Being thrifty is great. I am also often thrifty and you can find examples that I have posted in the cheap projects thread. Being so cheap that you will use a dangerous tether that can't be released under load is just stupid.


----------



## aeventyr60 (Jun 29, 2011)

FourthCoast said:


> Hi Mark,
> 
> Thank you for the response. I have been thinking about heading to the climbing shop this week to look for a better double action caribeener. The more I screw and unscrew this thing the less I like it -- But it was so inexpensive!
> 
> ...


Also referred to as "tubular webbing" Your local REI or outdoor shop should have rolls of it. Look at how the other tethers are constructed and this will be your guide on how to sew one for your self. I also made jacklines from the same tubular webbing. Seems this material is not color fast nor UV protected so when not using take em out of the sun.


----------



## Group9 (Oct 3, 2010)

Alex W said:


> The 10lb breaking limit is for the tool tether, the only item listed in their catalog as a tether. I pointed out that what they call a lanyard is what we call a tether.
> 
> Being thrifty is great. I am also often thrifty and you can find examples that I have posted in the cheap projects thread. Being so cheap that you will use a dangerous tether that can't be released under load is just stupid.
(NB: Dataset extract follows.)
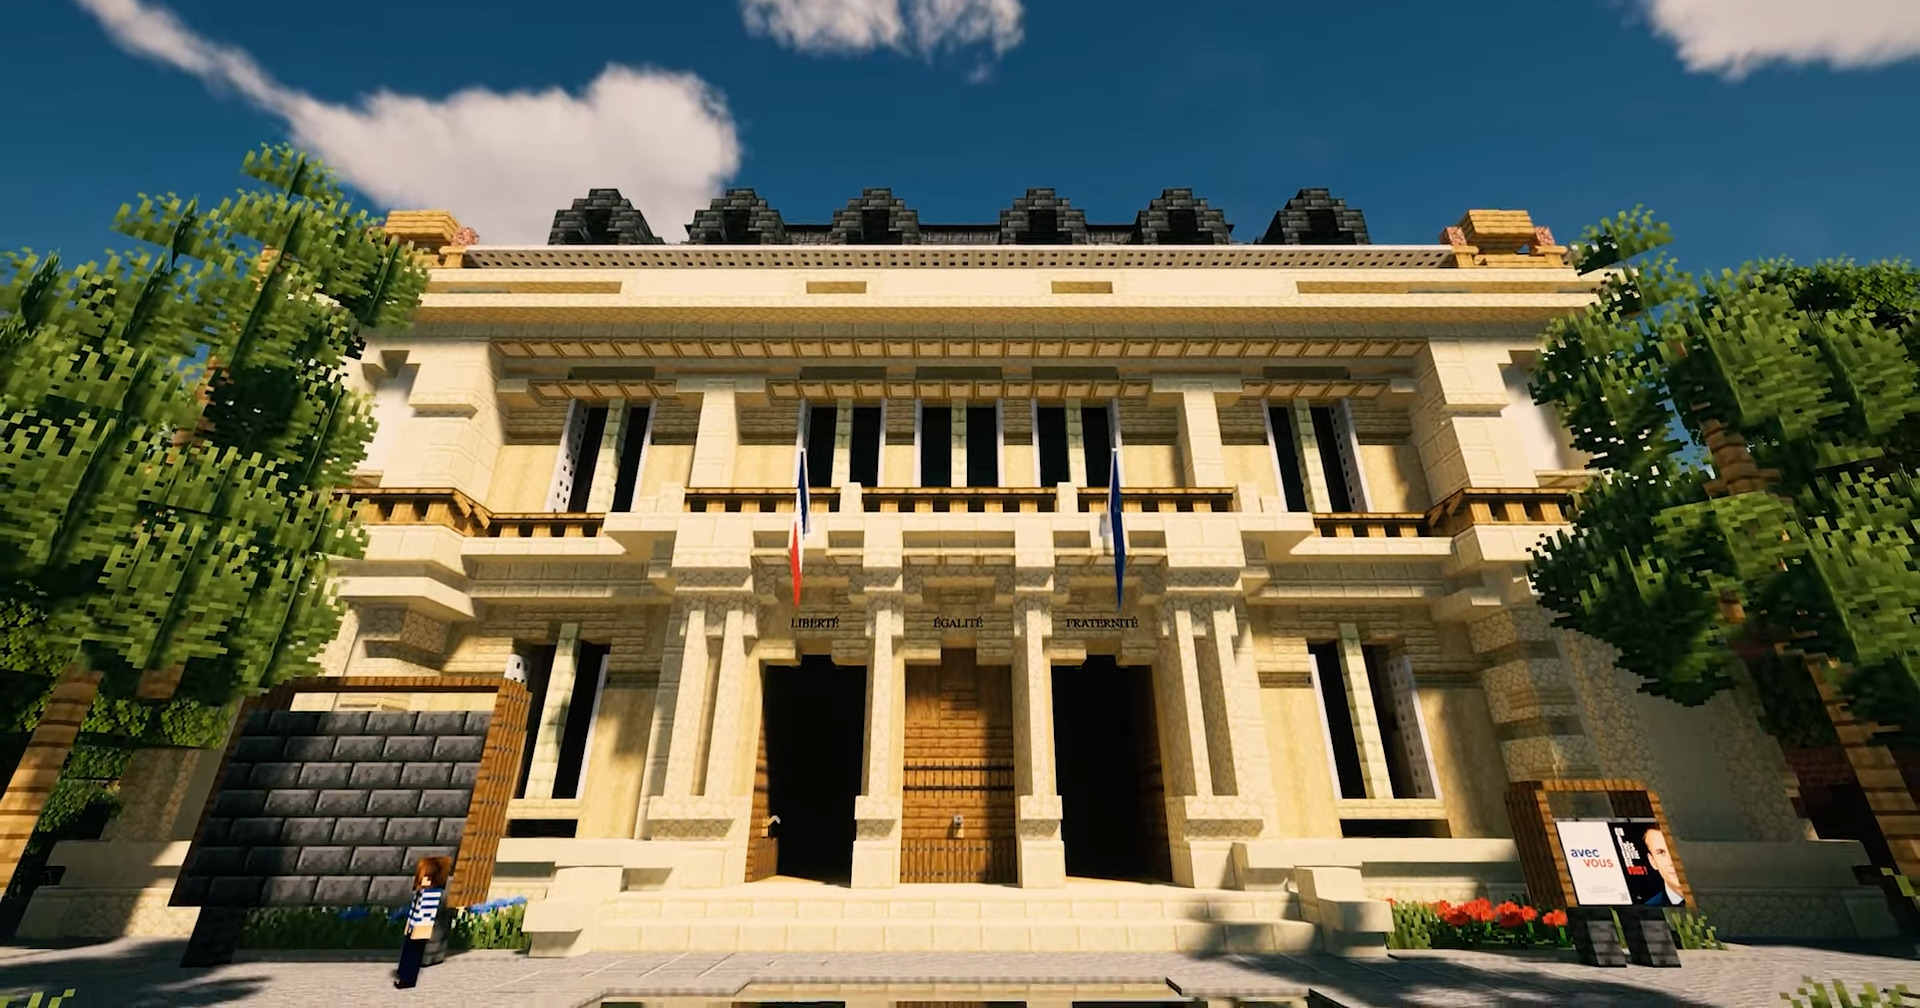 ทีมหาเสียง Emmanuel Macron ใช้ Minecraft ในหาเสียงรับเลือกตั้ง ปธน. สมัยหน้า
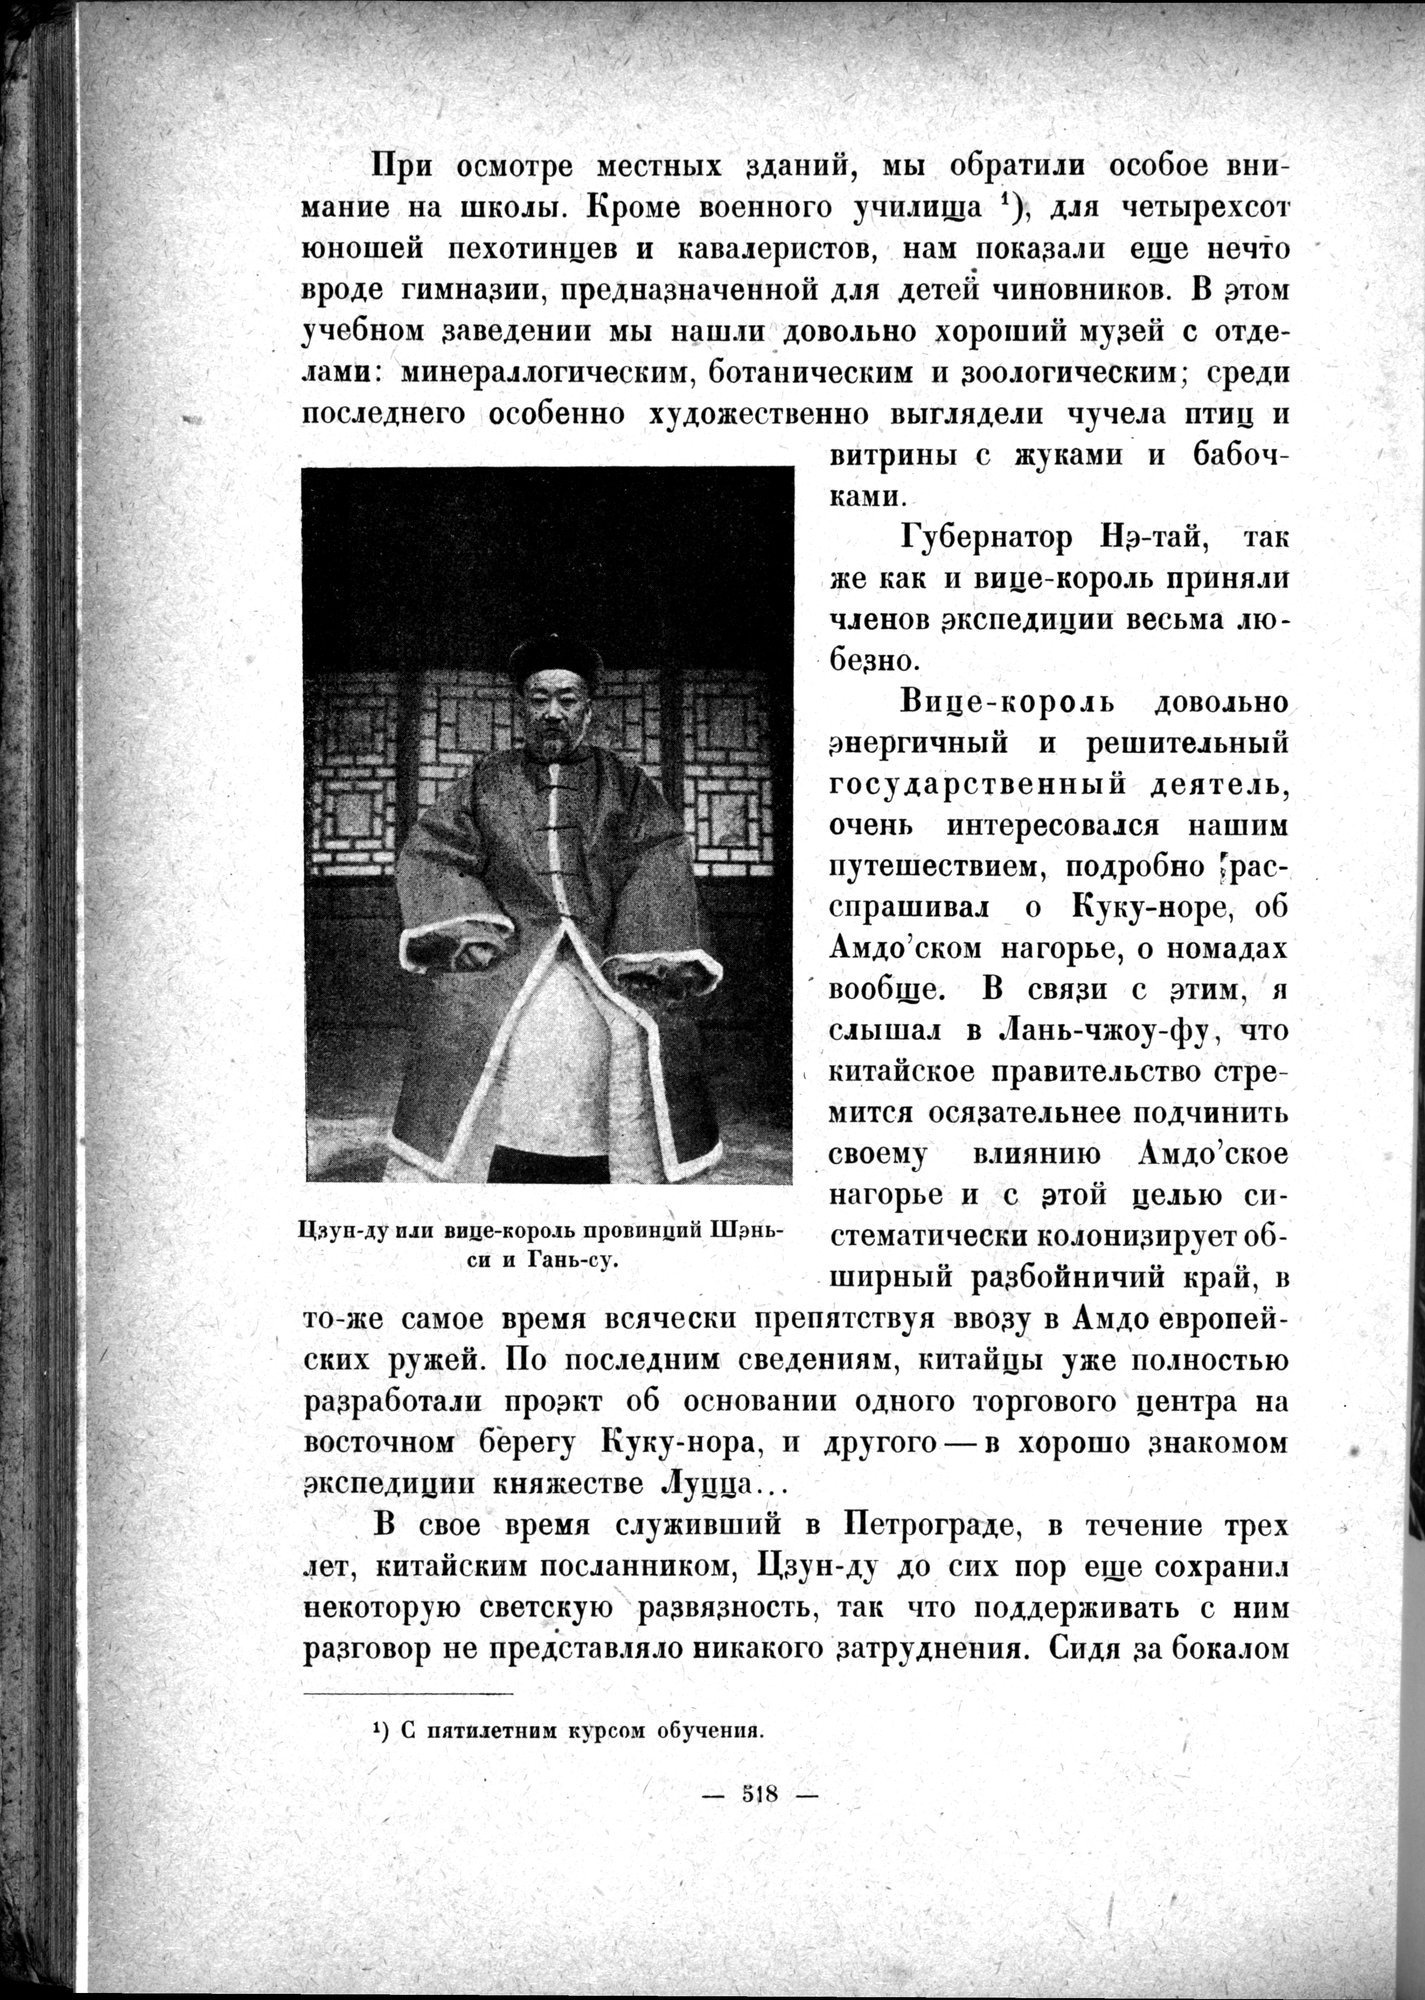 Mongoliya i Amdo i mertby gorod Khara-Khoto : vol.1 / 598 ページ（白黒高解像度画像）

You don't have one inch of McGyver in you, do you?

You would have liked working for the federal government, where money or cost was never any object. Some of our tethers had explosive cutaways, so somebody, somewhere, must have thought it was stupid and dangerous not to have tethers with that feature, too. But, we all still carried knives.


----------



## Alex W (Nov 1, 2012)

I have plenty of MacGyver in me. If you did even a tiny bit of research you would see that.

Adding an opens under load snap shackle and a corrosion resistant 'biner to that lanyard would bring the cost up above the cost of a marine tether. The nylon webbing isn't the expensive part, it is the two pieces of hardware attached at either end. The Northern Tools one comes with options at either end which are not useful in a marine setting.


----------



## christian.hess (Sep 18, 2013)

why are you guys overcomplicating such simple things...?

the ops harness is good, a few tweaks here and there after trial will get him where he wants to be...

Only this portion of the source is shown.